The government took control of Anbang in February 2018 as part of a nationwide campaign to reduce financial risk in the aftermath of a massive asset-buying spree by a handful of private-sector conglomerates.
Anbang’s ex-chairman, Wu Xiaohui, was sentenced by authorities to 18 years in prison for fundraising fraud and embezzlement.
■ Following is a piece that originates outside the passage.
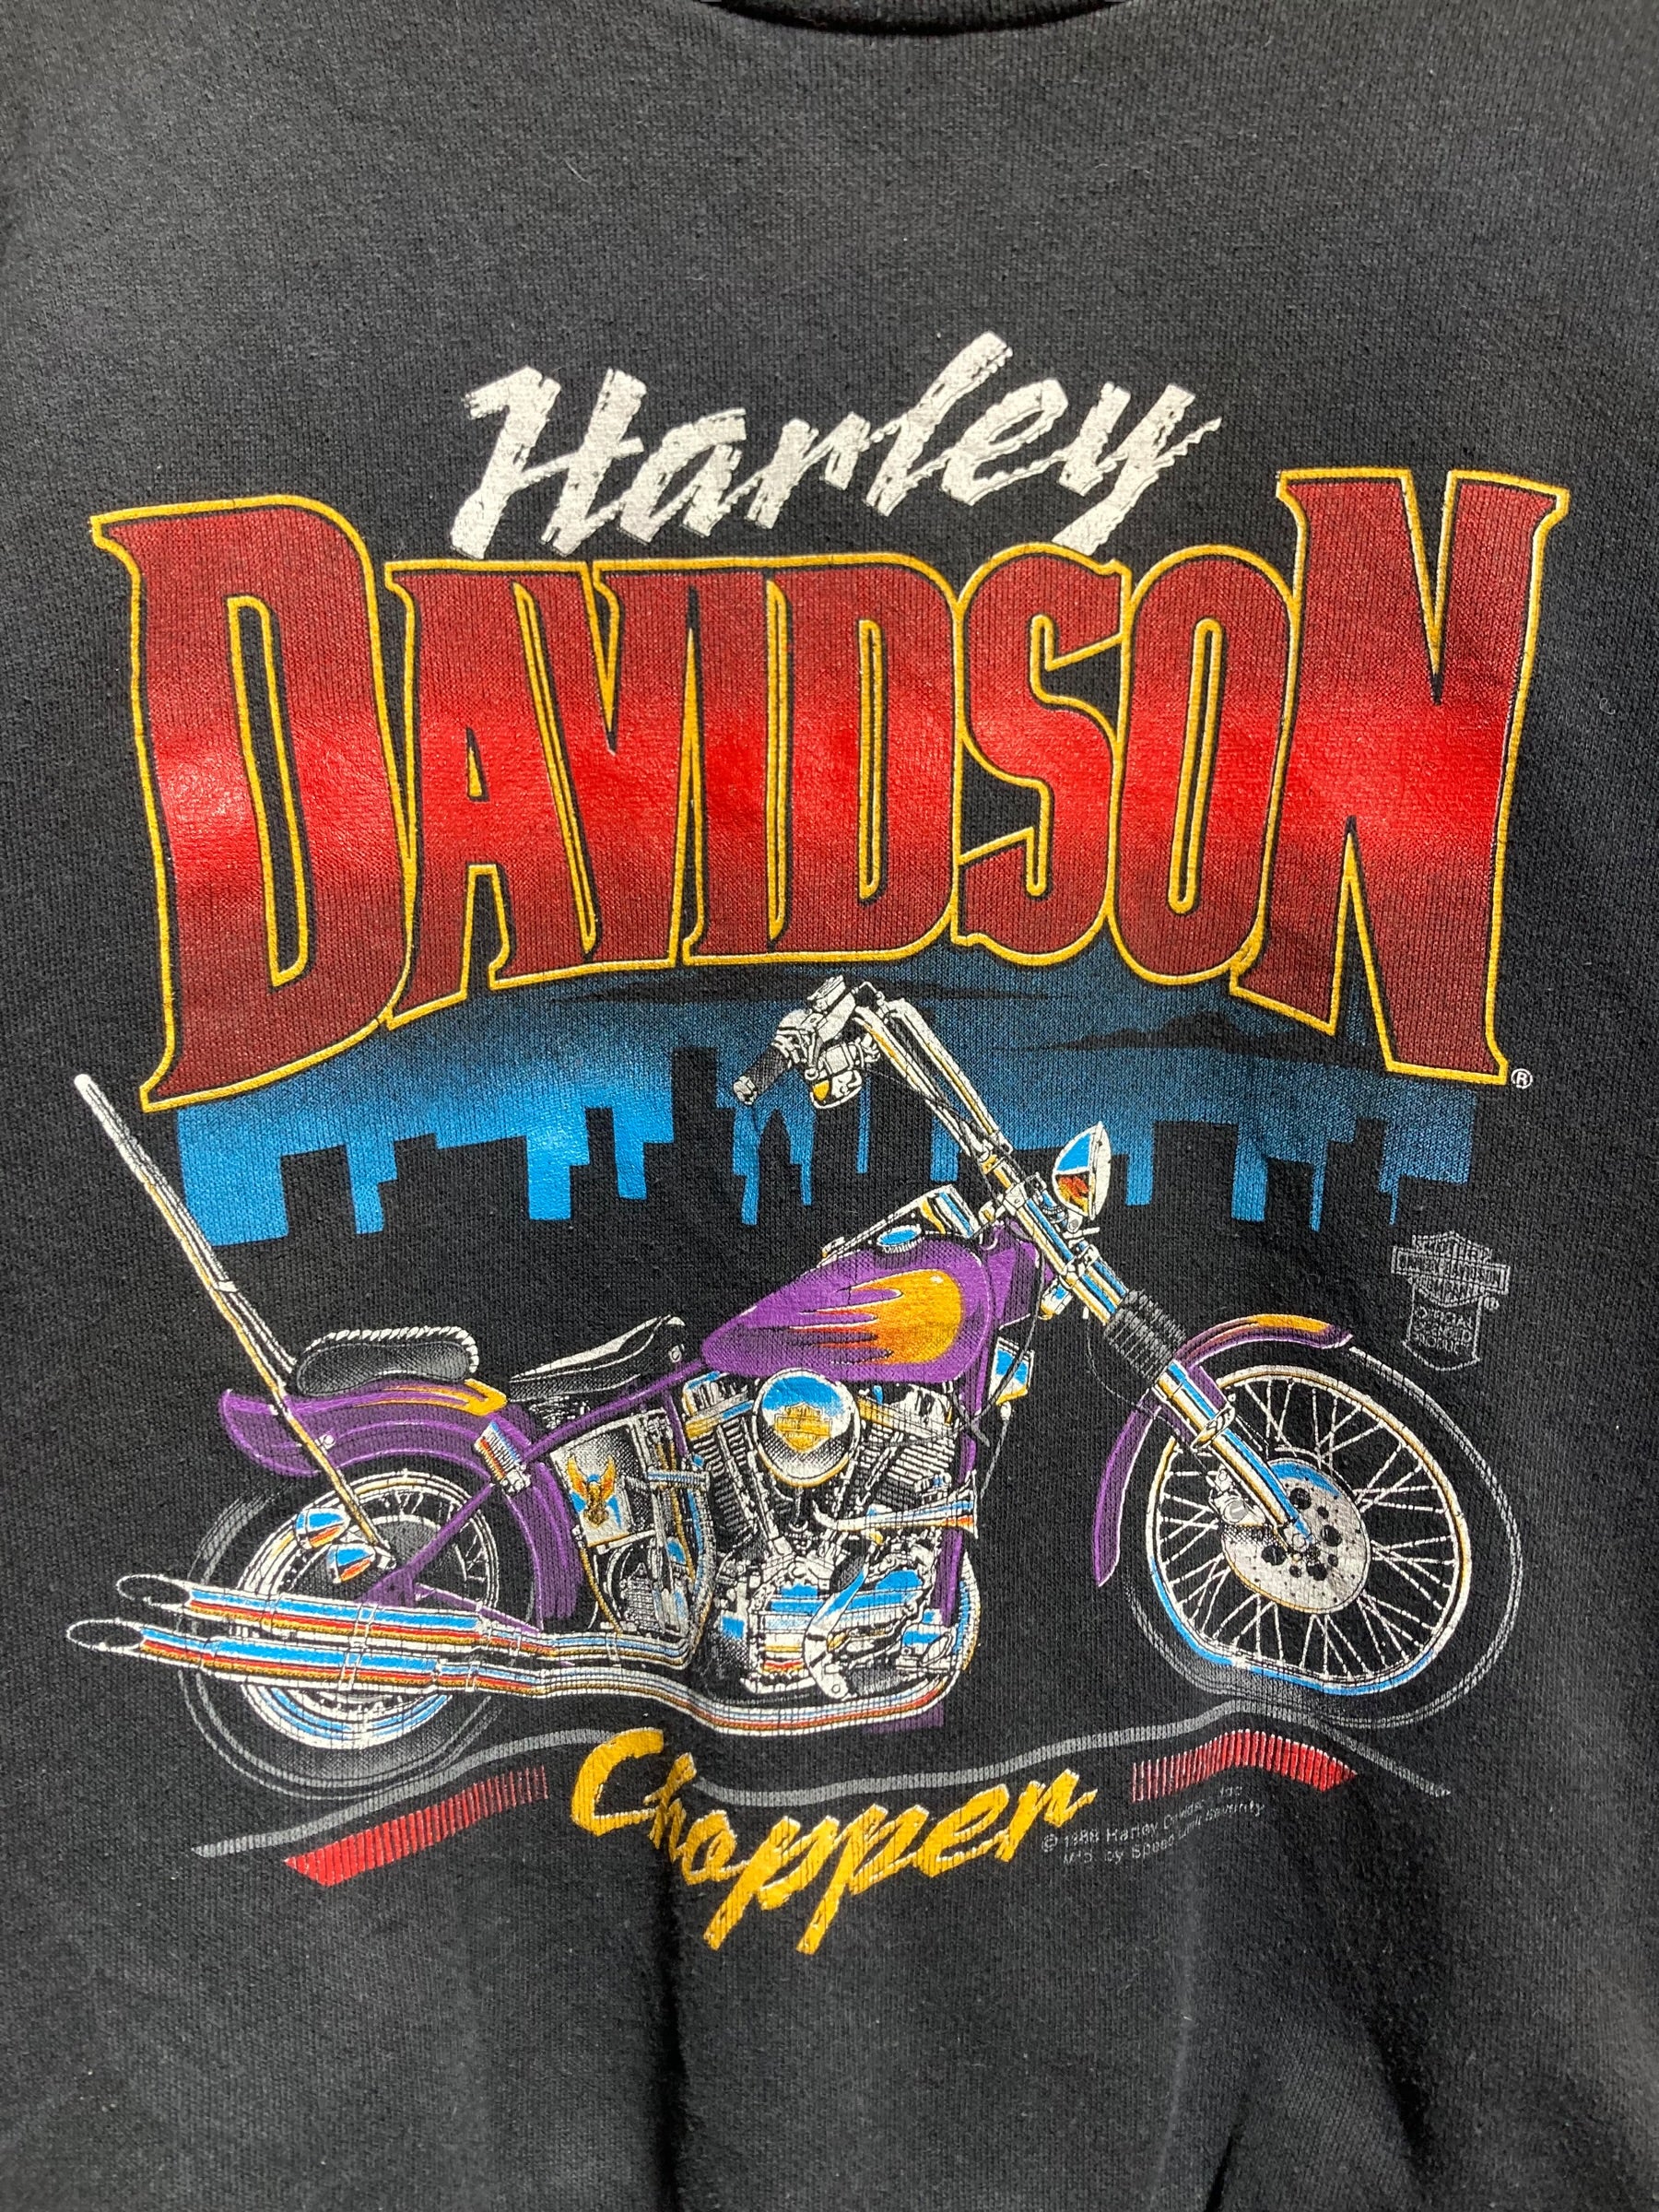 Harley Davidson ハーレーダビッドソン 80s スウェット トレーナー

Regulators also sped up asset sales of Anbang, including banks, insurance arms and overseas hotel assets it held stakes in, “to limit the loss caused by illegal activities of Wu”.
In February 2020, two years after the seizure, China’s Banking and Insurance Regulatory Commission (CBIRC) said it had finished running Anbang, and the revamped entity Dajia Insurance Group, a new company formed to take over assets from Anbang, was close to a decision on introducing a batch of strategic investors.
After the Anbang take-over, China has tightened regulations on the country’s financial holdings companies to defuse risks accumulated by a group of non-financial firms that it says expanded blindly into the financial sector.
On Sunday, the People’s Bank of China (PBOC) issued related new rules, setting requirements on registered capital, total assets, and assets under management on eligible financial holdings firms.
Anbang’s risk settlement is nearing completion under the country’s financial stability department, said Pan Gongsheng, vice governor of the central bank, at a Monday briefing. (Reporting by Cheng Leng and Ryan Woo in Beijing; editing by Jason Neely and Emelia Sithole-Matarise)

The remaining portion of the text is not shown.